Again, I want to emphasize that these concepts can be useful. The widespread sense that they put a name on things many had been struggling to categorize or desperately needed to implement is why they have become so ubiquitous. But these particular kind of pop culture therapy terms, which often spread via social media, can also reinforce what I see as a broader trend of Main Character syndrome, itself so often manifesting on social media: The positioning of oneself as the protagonist of the one and only story; a turn inward to one’s own desires, thoughts, and feelings, not just to the exclusion of others’ feelings and desires (although that, too) but to the point of flattening others down into supporting actors in your own personal psychodrama. If your friend is in crisis, the question is whether you feel you have the emotional capacity to support them; do you want to continue investing in this season of your friendship? If a relationship with a loved one is strained, the question is whether that relationship still adequately serves you; if that relationship is difficult but not abusive, the question is whether the other person is toxic enough to merit you going no-contact. If you are party to a conflict, the question is not how two different people with two different histories and two different perspectives and inner lives may understand the same conversation differently; it’s whether the other person is gaslighting you.

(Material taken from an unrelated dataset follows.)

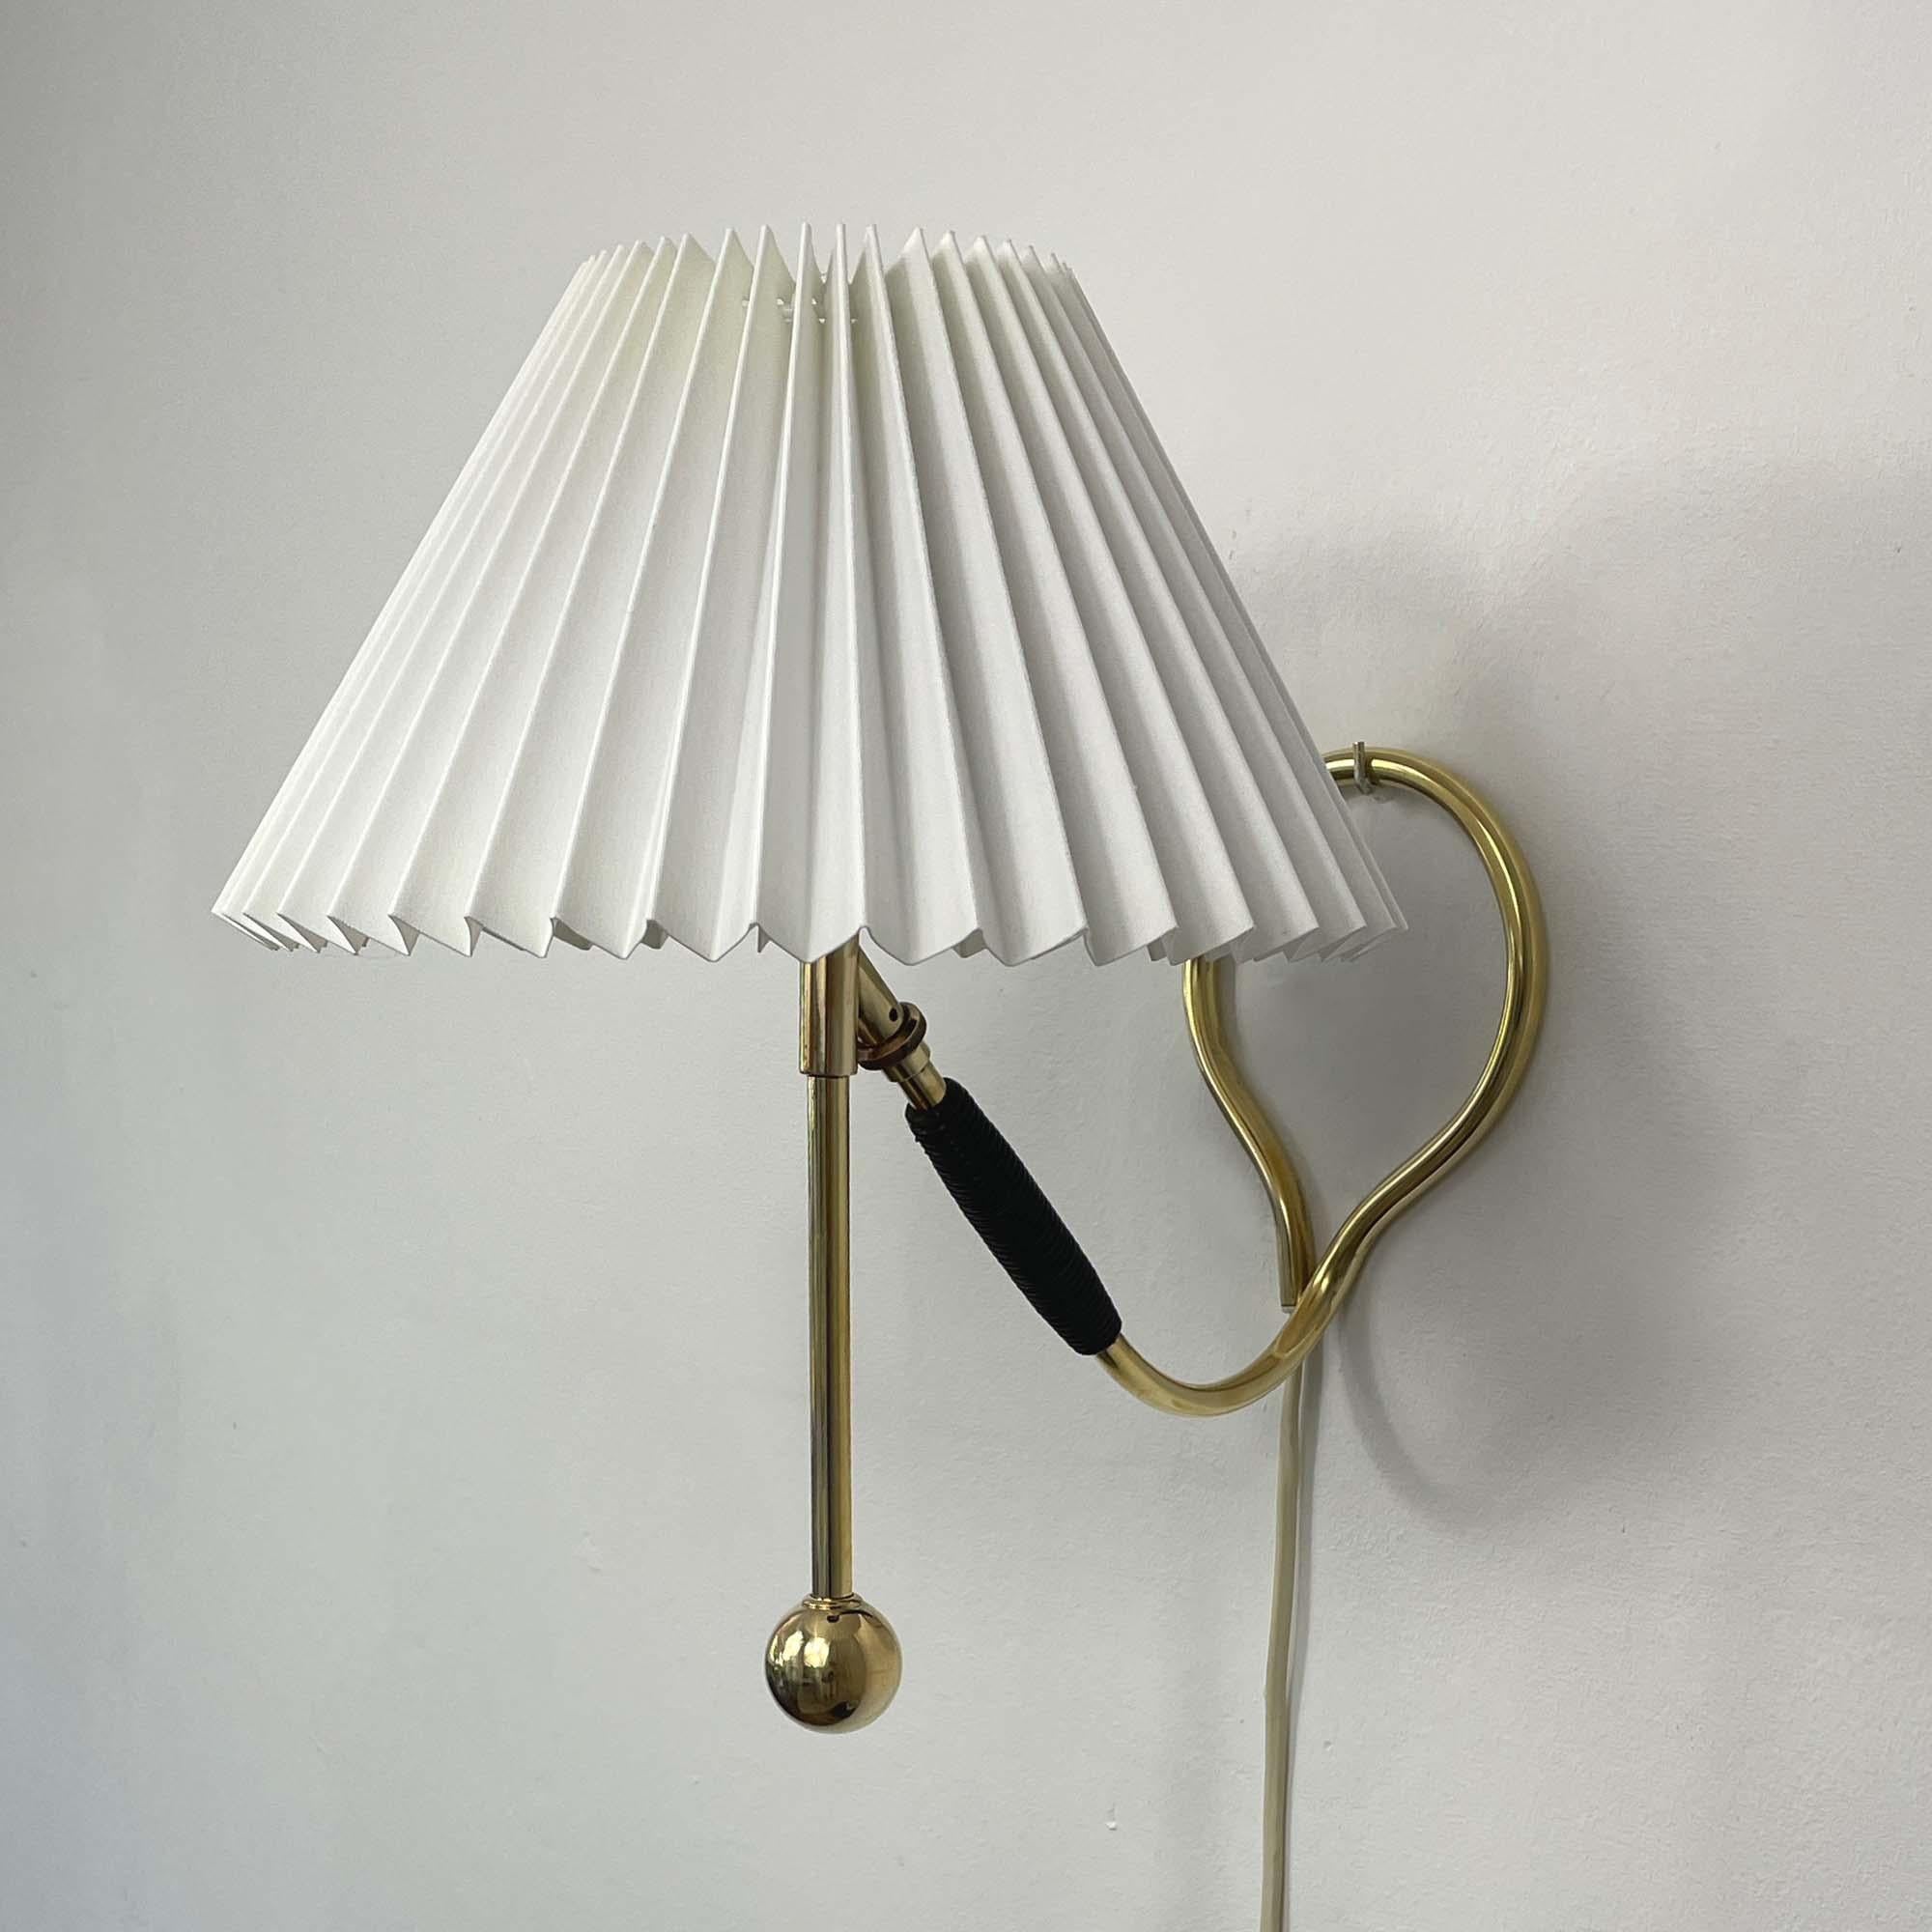 Danish Adjustable Brass and Bakelite Wall and Table Lamp 306 by Kaare Klint, 1950s For Sale

These are not bad questions to ask, when balanced with other questions and concerns. But “how does this affect me, the person who is obviously the good guy, and the sole arbiter of the truth?” cannot be the beginning, middle, and end of the story.
A big part of what troubles me about our current Tik-Tok-psychology moment is that much of the viral therapy advice seems to feed into the fundamental attribution error: The idea that you are a complex person with complex motivations and a complex inner life whose actions are often influenced by factors outside of your control, while other people are simply who they are, and who they are is either good or bad, affirming or toxic. You were late to your friend’s birthday dinner because there was unforeseeable traffic; your friend was late to yours because, as usual, they are a selfish person and they don’t value your time. You said a clumsy thing to a younger colleague and because you are a good person you have pledged to learn and do better; your older colleague made an insensitive remark because she’s just toxic, and her response was a classic deflection.
In other words: You are fundamentally just this way. I, on the other hand, am a complicated creature responding to my circumstances.
When we are handed pop-therapy tools that are less about introspection than isolation — less about going deep and honestly reflecting about our flawed, biased, imperfect selves, more about fending off imperfect others — we feed into this fallacy that we are emotionally complex, while others who do not accord to our desires are fundamentally bad. This does not teach us how to be a person in the world. It is a recipe for a very self-righteous kind of loneliness.